Special to The Freeman

Sept. 29, 2014

MILWAUKEE – The Human and Molecular Genetics Center at the Medical College of Wisconsin, in collaboration with Illumina, is selected as one of two National Institutes of Health genomic sequencing sites for the Undiagnosed Disease Network.

This network was created to use DNA sequencing and other strategies to advance laboratory and clinical research as well as aid in the diagnosis and treatment of patients with rare diseases.

Howard J. Jacob, Ph.D., the professor of genetics at the medical college and director of the project, is the primary investigator on the four-year $2.5 million grant.

Tina Hambuch, Ph.D., a clinical director at Illumina, is co-primary investigator, along with Elizabeth Worthey, Ph.D., assistant professor of pediatrics and director of genomic informatics at the medical college.
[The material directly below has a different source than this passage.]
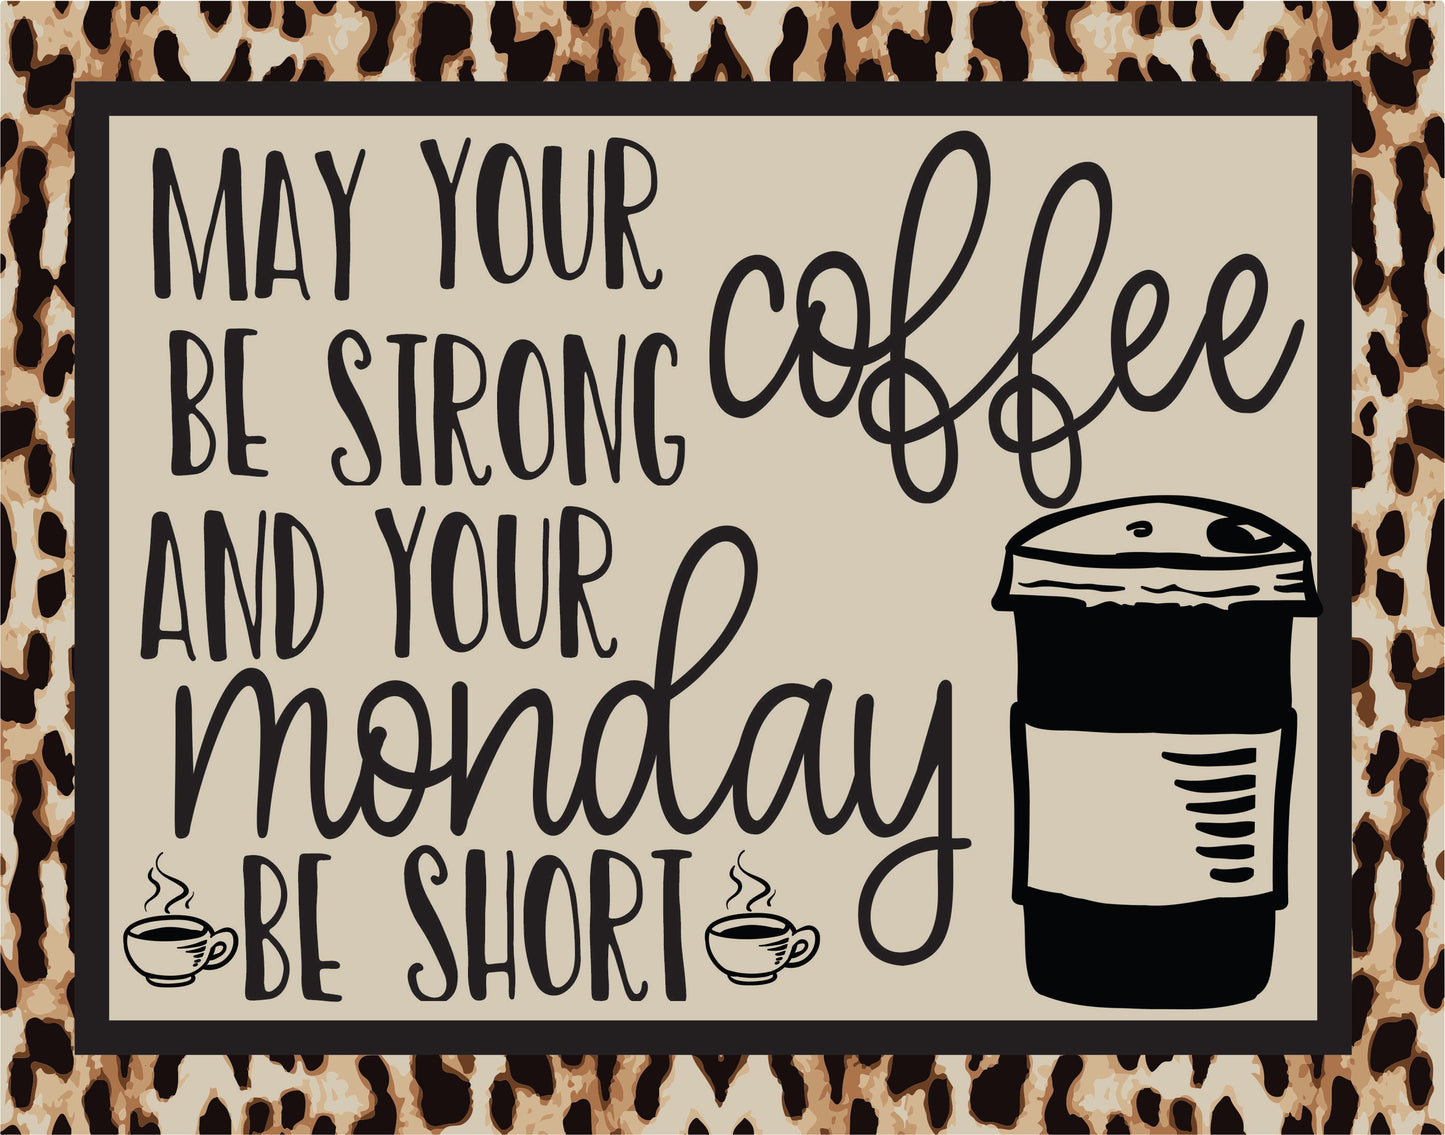 May Your Coffee Be Strong and Your Monday Be Short

The Undiagnosed Disease Network identified six clinical sites in summer 2014 in which patients with rare disease will be identified for genetic sequencing.

The genetics center at the medical college is tasked with performing whole genome sequencing on 1,650 patients and family members referred by those sites, over the period of four years.

Illumina’s role as an industry collaborator will be to develop protocols, algorithms, quality improvements and to act as a partner in streamlining the sequencing process.